Find the maximum among \mathbf { 1 , 2^{1/2} , 3^{1/3} , 4^{1/4} , ... } .

Discussion

Consider the function \mathbf { f(x) = x^{1/x} } . We employ standard techniques to compute the maxima.

Take logarithm on both sides we have \mathbf { \log f(x) = \frac{1}{x} \log x } . Next find out the derivative:

\mathbf {\frac {1}{f(x)} f'(x) = \frac{-1}{x^2} \log x + \frac{1}{x}\cdot\frac{1}{x} implies f'(x) = f(x) \cdot \frac{1}{x^2} (1 - \log x) }

Since \mathbf { f(x) = x^{1/x} } is always positive for positive x and so is \mathbf {\frac{1}{x^2}} sign of the derivative depends only on (1-logx). Hence the derivative is 0 at x = e (2.71 approximately), positive before that and negative after that. Hence the function has a maxima at x = e.
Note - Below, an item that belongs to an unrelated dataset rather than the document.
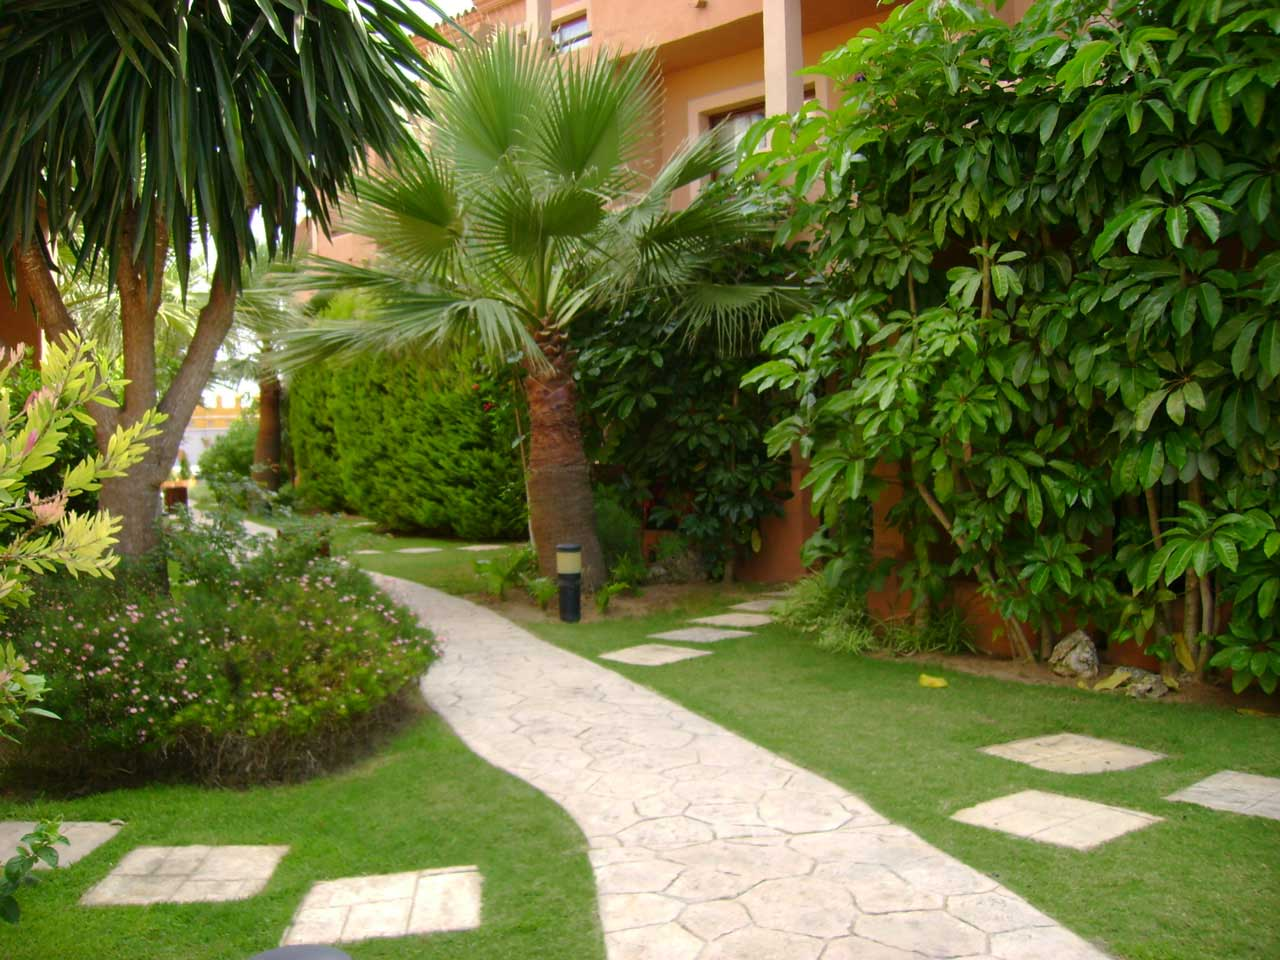 Arte y jardiner a jardiner a ecol gica for Figuras para jardines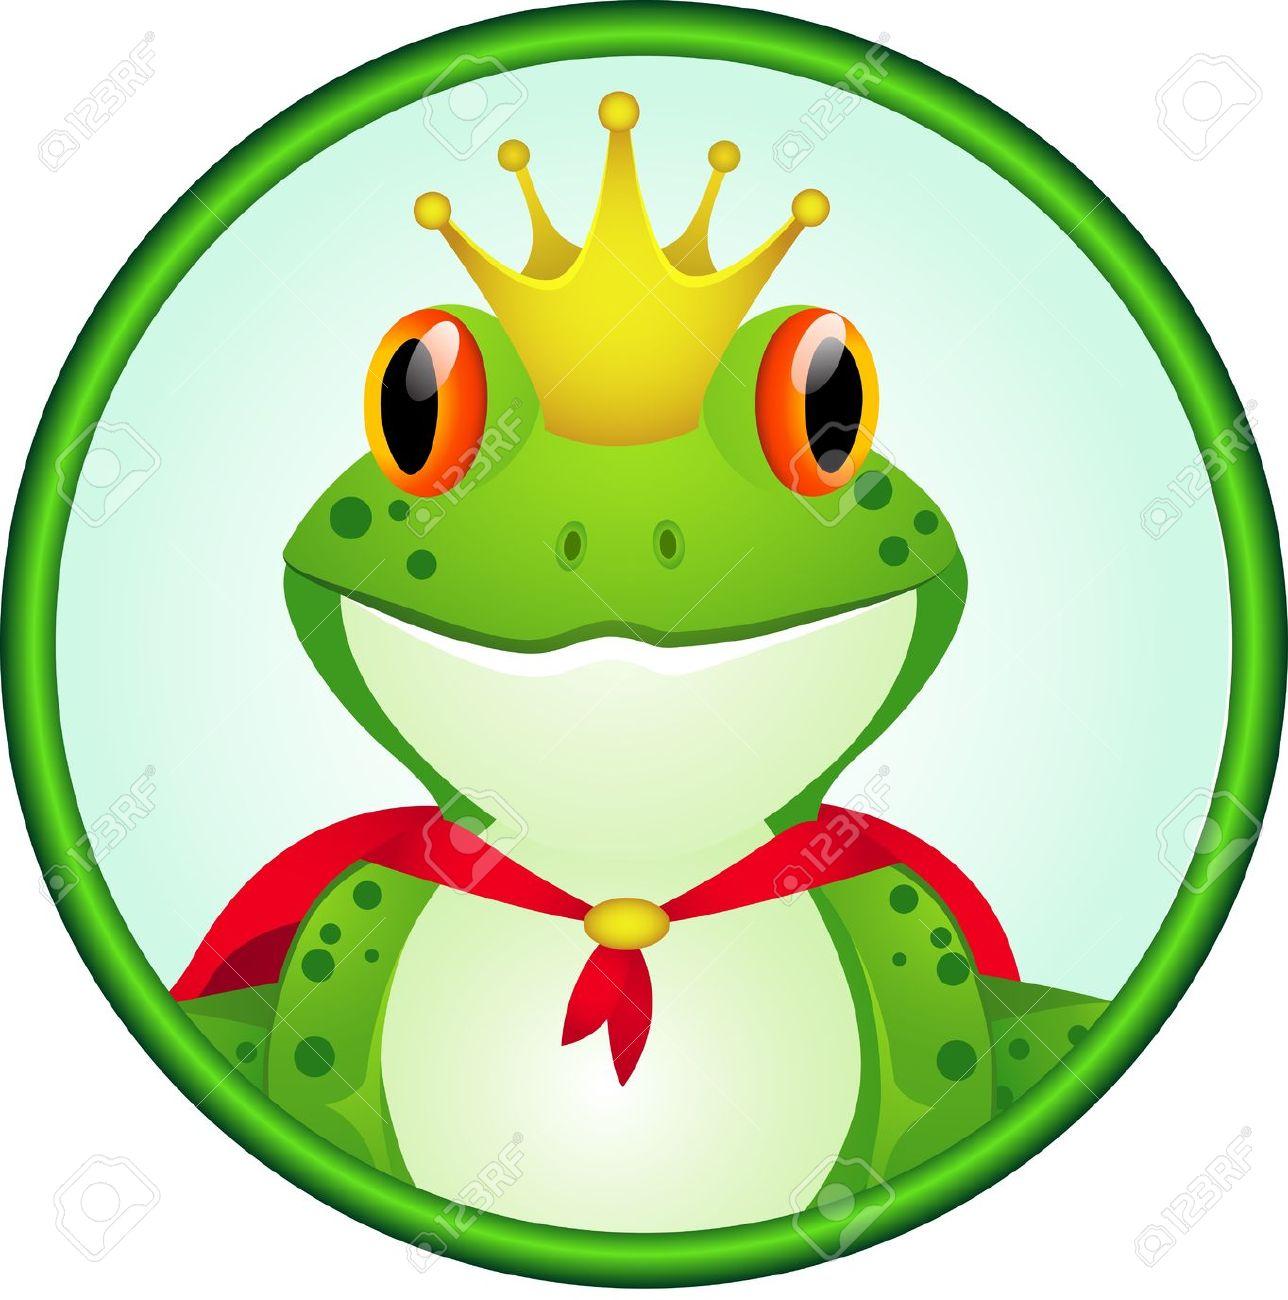 King Of Frog Cartoon Royalty Free Cliparts, Vectors, And Stock.

We check the values at x=2 and x=3 and easy computations show that \mathbf { 3^{1/3} > 2^{1/2} }. Hence \mathbf {3^{1/3} } is the largest value.

Special Note

One may ask for a non calculus proof of this problem. The basic idea is to understand that the inequality
\mathbf { n^{1/n} > (n+1)^{1/n+1}\Rightarrow n^{n+1} > (n+1)^n \Rightarrow n\cdot n^n > (n+1)^n \\ \Rightarrow n > \frac{(n+1)^n}{n^n}\Rightarrow n > (1+ \frac{1}{n})^n }

It is easy to show that the quantity \mathbf { (1+ \frac{1}{n})^n } lies within 2 and 3 for all values of n. Hence the inequality \mathbf {n > (1+ \frac{1}{n})^n } is true for n > 3. The result follows.